Разговор не состоялся.
Или, напротив, превзошел все ожидания...
Глава 39
Командировка в часть, потерявшую в ходе передислокации треть своего самоходного тяжелого вооружения, была не последней. Полковник Трофимов вообще был неусидчивым человеком. С юности, когда приходилось передвигаться все больше по тылам условного противника, по оврагам-буеракам, чем по штабным коридорам. И «обмениваться мнениями» не с вышестоящим начальством, а с контрразведчиками противной стороны, которые хоть и были свои, но по морде били как чужие. Именно там полковник выработал свое отношение к делу. Именно там понял, что если хочешь в этой жизни чего-то добиться, то надо обладать бульдожьей хваткой. Вцепляться и держать, хоть бы даже десны кровоточили.
Держать!
Иначе какой из тебя, к дьяволу, разведчик? Какой следователь? Каша манная с малиновым сиропом.
В это вновь подвернувшееся дело полковник вцепился всеми тридцатью двумя. Сомкнул зубы раз и уже не отрывался. И вгрызался все глубже.
Еще одна часть, где тоже списывали технику. И, похоже, тоже не без корыстного умысла. Потому что далеко не всю довезли до мартена. Кое-какую растеряли по дороге.
При этом во время случившихся многочисленных задушевных бесед с личным составом части все рассказывали разное.
Солдаты срочной службы — одно.
Дембеля — чуть другое.
Средние офицеры — третье.
Старшие офицеры — четвертое.
Командиры — не вмещающееся ни в какие рамки пятое.
Хищение с целью последующей продажи крупнотоннажного самоходного военного имущества относится к преступлениям, которые сокрыть так, чтобы не найти никаких концов, — невозможно. Это не кошелек у зазевавшейся гражданки умыкнуть. Не машину угнать. Технику надо подготовить к реализации, заправить, снабдить боекомплектом, выгнать из боксов, погрузить на трейлеры, довезти, разгрузить... И на каждом этапе задействуются люди. А они имеют языки и свое мнение в отношении операции, в которой принимают участие. И свое мнение в отношении оплаты их услуг.
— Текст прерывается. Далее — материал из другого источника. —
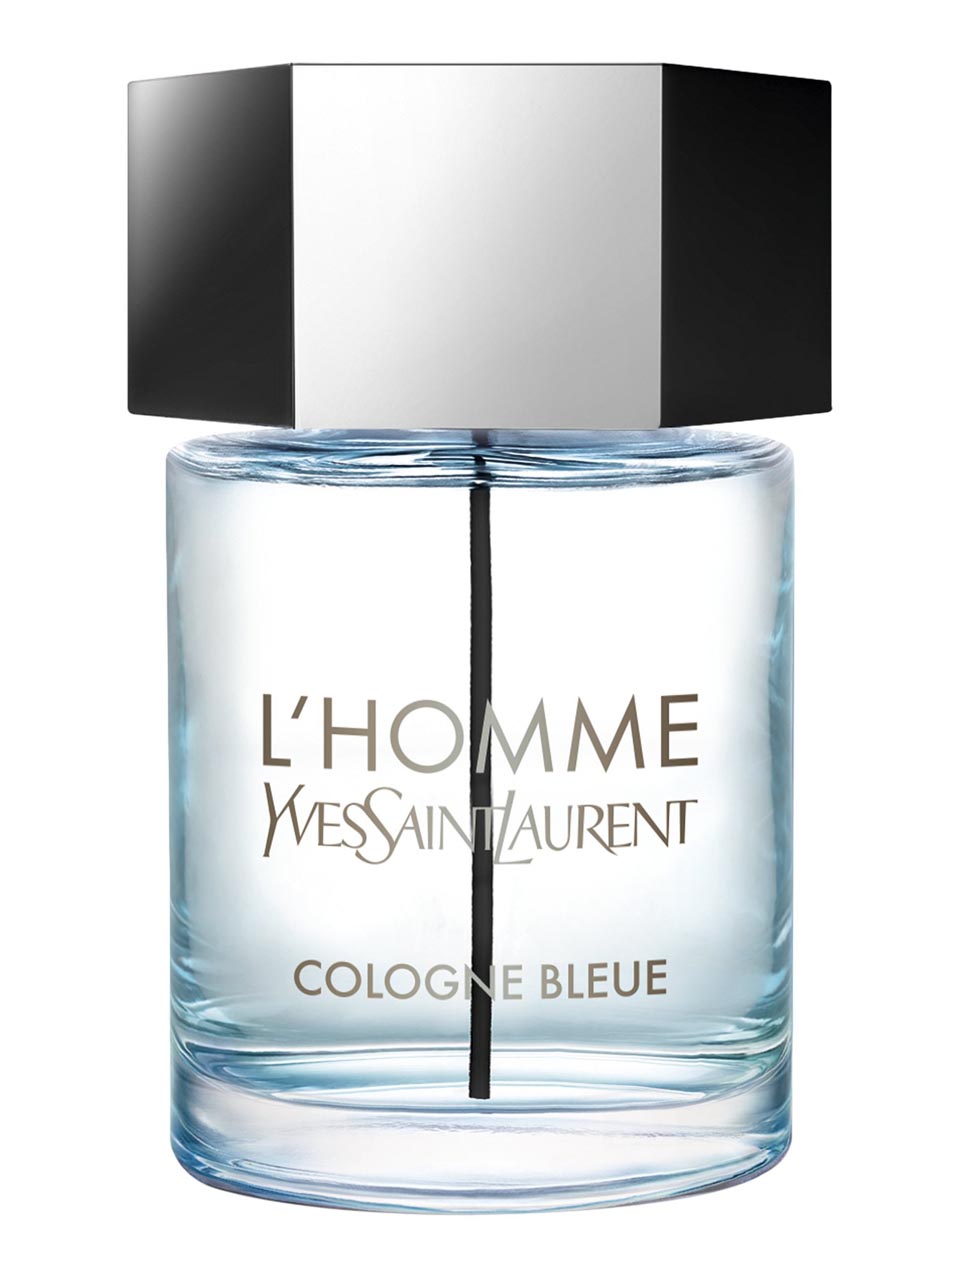 Yves Saint Laurent L'Homme Cologne Bleue Eau de Toilette 100 ml null - onesize - 1
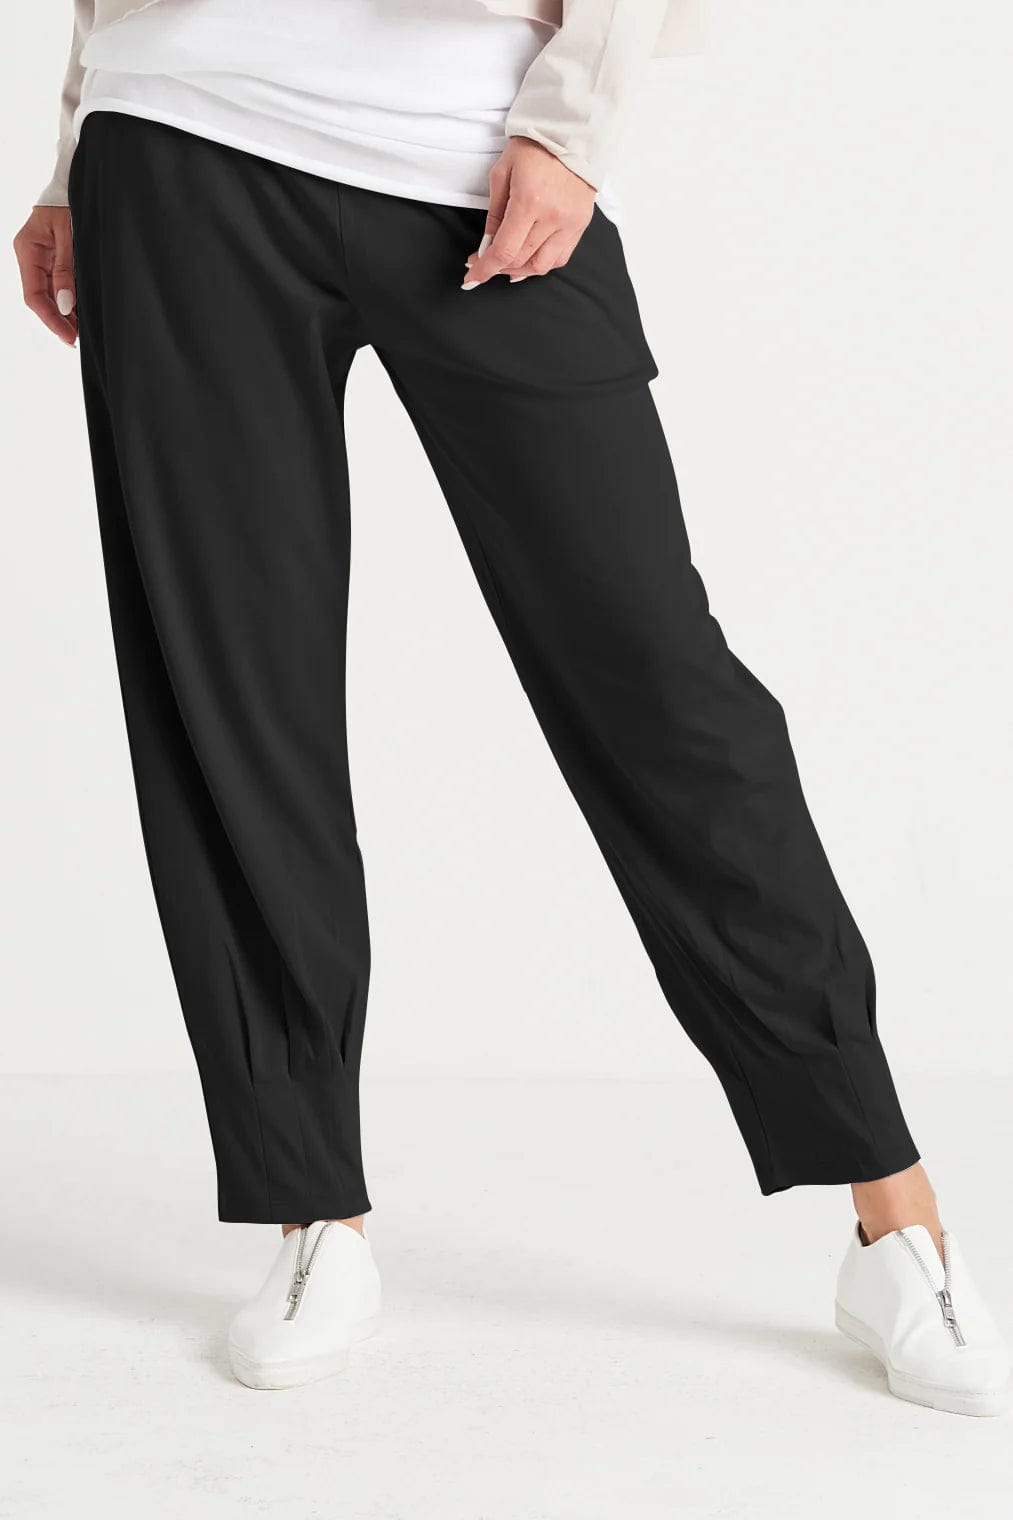 PLANET by Lauren G Women's Pants Black / 1 Pima Cotton Pinched Pleat Pants

Отсюда всегда находятся недовольные и обиженные, они охотно и не без злорадства рассказывают о Подробностях противозаконной сделки, на которые и опирается следствие. В особенности неофициальное следствие, которому важно не столько виновных наказать, сколько истину установить.
Именно поэтому в добровольных помощниках полковник недостатка не испытывал.
— Да, точно, грузили. Мне еще странным показалось, чего это мы, отправляя танки на переплавку, а полные баки горючки заливаем... Кто приказал? Начштаба приказал...
— И главное дело, заставили тот металлолом драить и красить. Ну за каким его красить? Если все равно в печь?.. Кто? Известно кто — помощник командира...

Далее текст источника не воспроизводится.